RICKY BRIDGEMAN, Case No. 2:25-cv-12233 Plaintiff, HONORABLE STEPHEN J. MURPHY, III v.

JEFF TANNER, et al.,

Defendants. /

OPINION AND ORDER SUMMARILY DISMISSING COMPLAINT Plaintiff Ricky Bridgeman file a pro se civil rights complaint pursuant to 42 U.S.C. § 1983. Plaintiff is an inmate at the Macomb Correctional Facility. He sued the Warden of his facility, Jeff Tanner, and three other MDOC officials, and challenged the conditions of his confinement that related to his status as an STG II (Security Threat Group) inmate. For the reasons below, the Court will summarily dismiss the complaint. BACKGROUND The Court interprets the complaint, that is difficult to decipher, to challenge Plaintiff’s designation as an STG II inmate and his ability to further challenge the designation within the MDOC. And Plaintiff appears to want relief for some injuries he suffered from the designation. Though Plaintiff makes passing reference to several possible legal bases for his claims, the Court interprets the complaint as chiefly raising Fourteenth Amendment Due Process and Eighth Amendment Cruel and Unusual Punishment claims. See generally ECF No. 1. Plaintiff’s reference to his STG status relates to his designation as part of a security threat group. MDOC Policy defines STG status as “a group of prisoners designated by the Director as possessing common characteristics that distinguish

themselves from other prisoners or groups of prisoners and that, as an entity, pose a threat to staff or other prisoners or to the custody, safety and security of the facility.” Security Threat Groups, Mich. Dep’t of Corr. Policy Directive 04.04.113(B) (eff. Sept. 18, 2023).1 A prisoner may be designated as “STG I” by the local STG Coordinator if there is sufficient documentation of the prisoner’s membership in a STG and the prisoner fails to make a credible renunciation of his membership.
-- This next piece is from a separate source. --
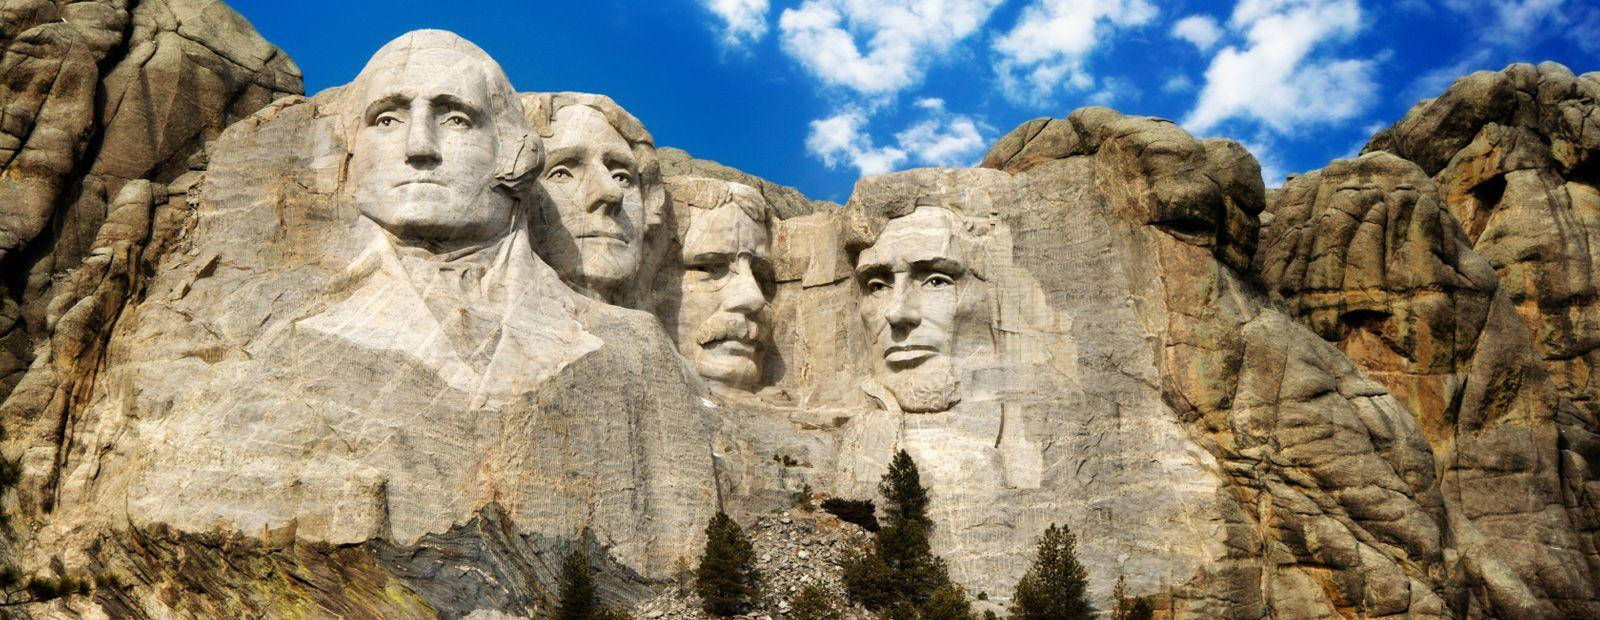 Mount Rushmore 1600 X 620 Wallpaper
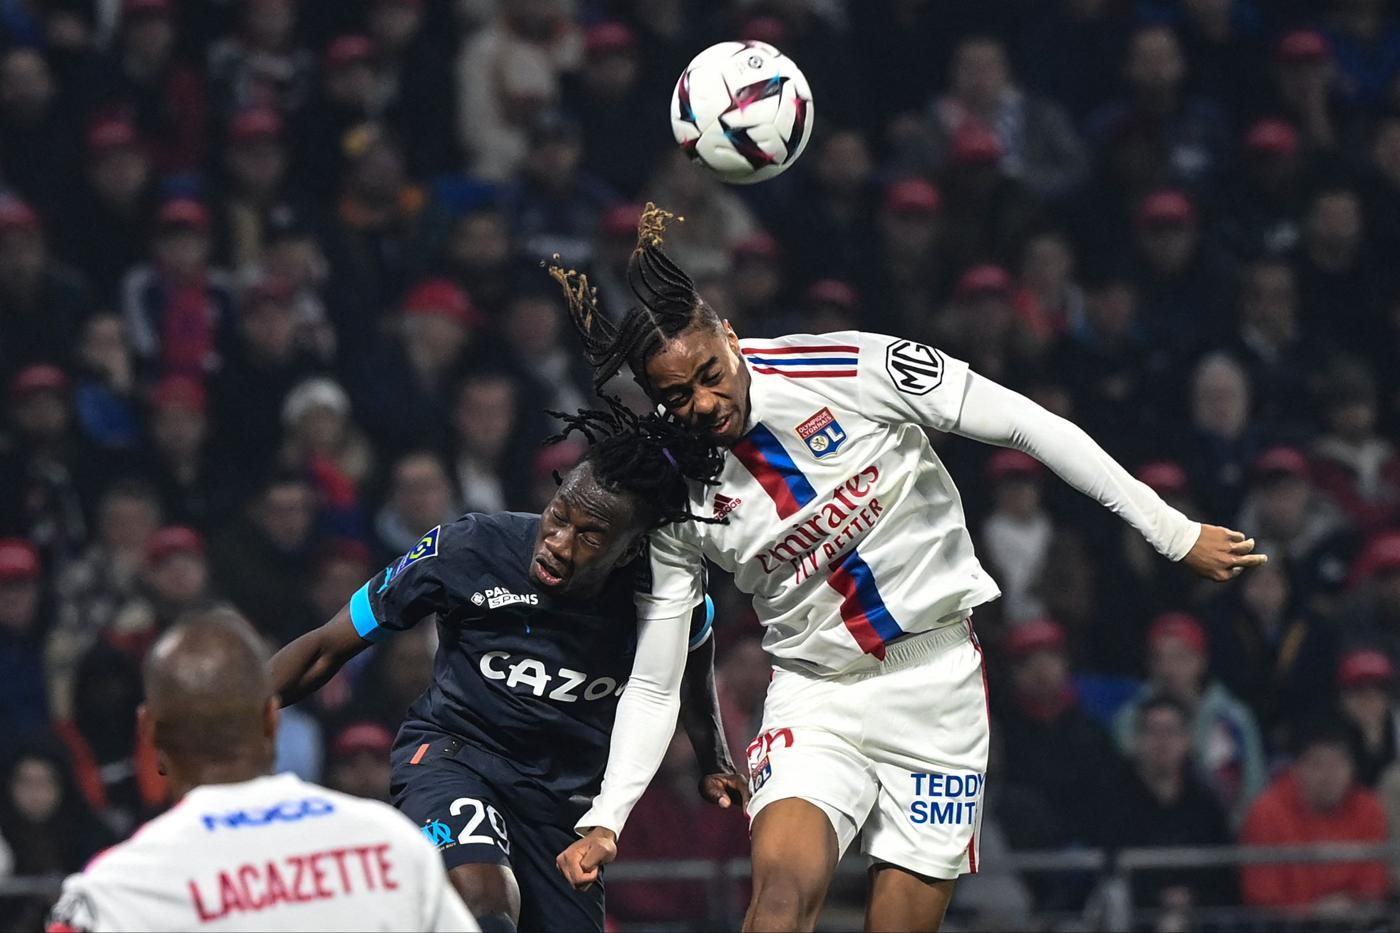 Lyon v Marseille - 1:2. French Championship, round of 32. Match Review, Statistics

Id. at 04.04.113(S). A

prisoner may be designated an “STG II” if: (1) he is an STG I member and is found guilty of a major misconduct related to his STG activity, (2) was previously an STG I member, and currently presents a threat to prisoners or staff due to STG activities, or (3) is identified as a leader, enforcer, or recruiter in an STG. Id. at 04.04.113(W). A prisoner designated as an STG II member must be housed in security level IV or higher. Id. at 04.04.113(Z). Restrictions on STG II members include: (1)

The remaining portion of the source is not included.